3. The word loading means obtains a probability that a natural language can be analyzed using only the word dictionary loaded in the internal storage means from the size of the word dictionary loaded in the internal storage means. 2. A load condition setting means for determining a load portion of the word dictionary to be loaded into the internal storage means from the obtained probability.
Alternatively, the natural language processing device according to claim 2.

4. A document information holding means for holding document information, and a notation appearance for calculating an appearance frequency of each notation of a word registered in the word dictionary in the document information held in the document information holding means. 4. The natural language processing device according to claim 1, further comprising a frequency calculation unit.

5. The natural language processing apparatus according to claim 4, wherein said load condition setting means determines a load part of said word dictionary based on a probability obtained by said notation appearance frequency calculation means.

6. A natural language processing method in a natural language processing device for analyzing a natural language sentence using a word dictionary in which words are registered in a tree format, the method comprising: A natural language processing method comprising: loading a part of the contents of the word dictionary into an internal memory capable of storing processing data with reference to a notation frequency.

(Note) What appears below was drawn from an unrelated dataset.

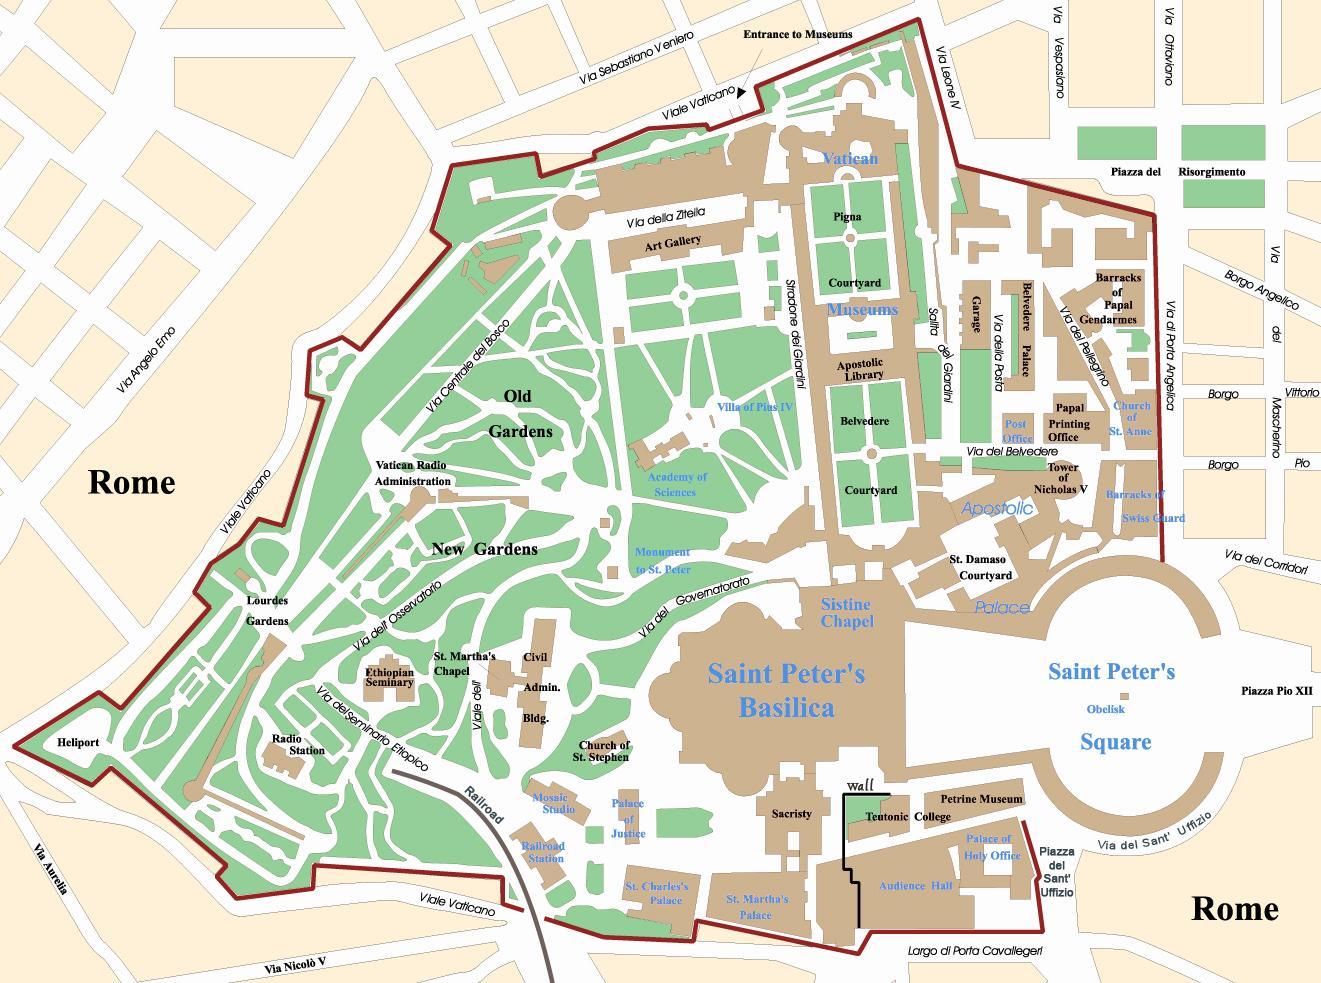 Vatikanet Pa Kort Kort Over Vatikanet Pa Det Sydlige Europa

7. In loading from the word dictionary to the internal storage means, a probability that a natural language can be analyzed is obtained using only the word dictionary loaded in the internal storage means, and the internal storage is obtained from the obtained probability. 7. The method according to claim 6, wherein a load portion of the word dictionary to be loaded on the means is determined.
Natural language processing method described.

8. A computer storage medium storing a control procedure for realizing the function according to claim 1. Description:

9. A computer program sequence for realizing the function according to any one of claims 1 to 7.